Нет, все-таки ему было хорошо с ними, потому что на свете не было лучше людей, для него, конечно, чем ротный, Георгий Шивардин, и Степан Степанович Степанчик, и они для него были как бы братья и, наверное, ближе них для него на всей земле, из всех людей были только Лена и мать, и он хотел, чтобы и Лена, и мать сидели тут сейчас с ними, и еще, чтобы сидели тут с ними Стас, Веня, Мария, Папа Карло, Коля Барышев и Ванятка, и ребята из РДГ, и Николай Никифорович, и акробат, и тот парень - москвич, который в госпитале все учился писать левой рукой, и лейтенант Лисичук, и ездовой Ерофеич, и чтобы Зазор стоял за окном, отдыхая, так стоял, что на него можно было бы посмотреть. Он бы, улучив минутку, оставив всех этих дорогих ему людей, вышел бы к Зазору и дал бы ему хорошую горбушку, предварительно хорошо посолив, и Зазор бы схрумкал ее, и он бы, сунув ладонь ему под гриву, гладил бы теплую шею Зазора, а Зазор бы смотрел на него своими прекрасными умными и преданными глазами, дышал бы ему в щеку, мягко брал губами его за плечо. Он потом бы вернулся в эту комнатку в этом деревенском доме, к дорогим для него людям, и был бы снова с ними, и снова любил бы их, и пусть только бы так не ломило эту проклятую руку.
– Музыкальная тут?
– Тут, тааш старший лейтенант.
– Заводи. Свозим его в ПМП.
– Оттуда он в госпиталь?
– уточнил Степанчик и внес предложение: - Ему бы продуктишек маленько, а, та-а-а-аш старший лейтенант? Я мигом к старшине и назад. Через три минуты выезжаем.
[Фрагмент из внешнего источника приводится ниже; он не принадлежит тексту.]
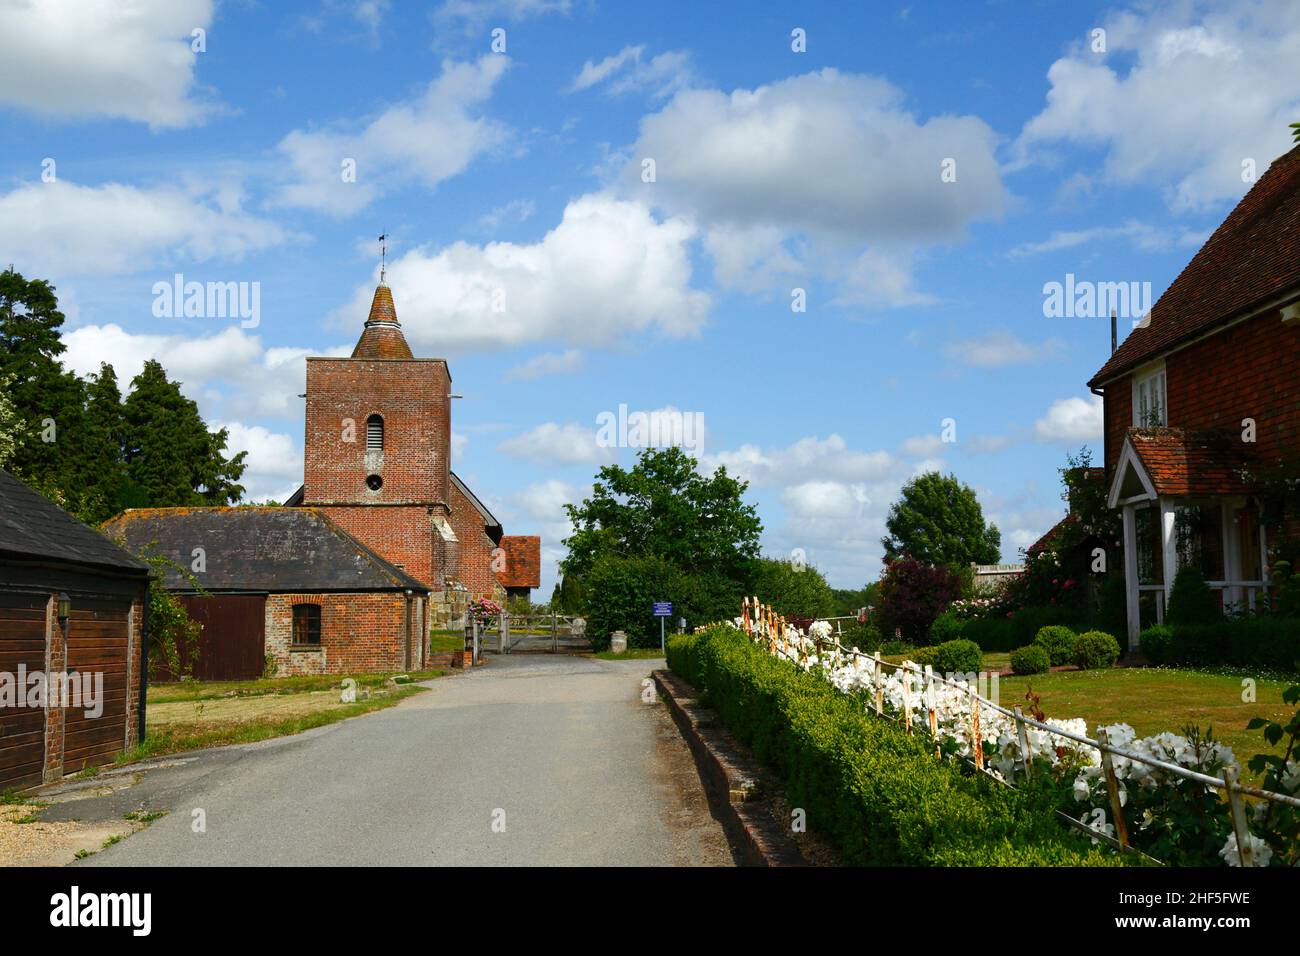 View of the picturesque and historic All Saints church in Tudeley village in early summer, Kent, England Stock Photo

– Ротный сделал вид, что не слышал предложение Степанчика, но и не возразил. Степанчик испарился, а минут через пять пегая с огромным животом кобылешка везла их в санях-кошевке на ПМП.
Ротному, конечно, не полагался этот личный транспорт, но хороший старшина на фронте всегда старался иметь тягло: на такой Музыкальной возилось имущество роты, боеприпасы, да и можно было при нужде подскочить куда-то по делу - к складам или в штаб, сойдя от него невдалеке, чтобы не демаскировать незаконные лошадь и тарантас или санки, отвезти заболевшего или воспользоваться Музыкальной для какого-то иного случая.
Ротный, сидя с ним бок о бок, держал его за карман шинели, как будто он мог или выпрыгнуть, или улететь в небо.
– Да, Андрюха. Да! Затянулись наши незапланированные семестры. И конца не видно. Что-то принесет нам сорок четвертый?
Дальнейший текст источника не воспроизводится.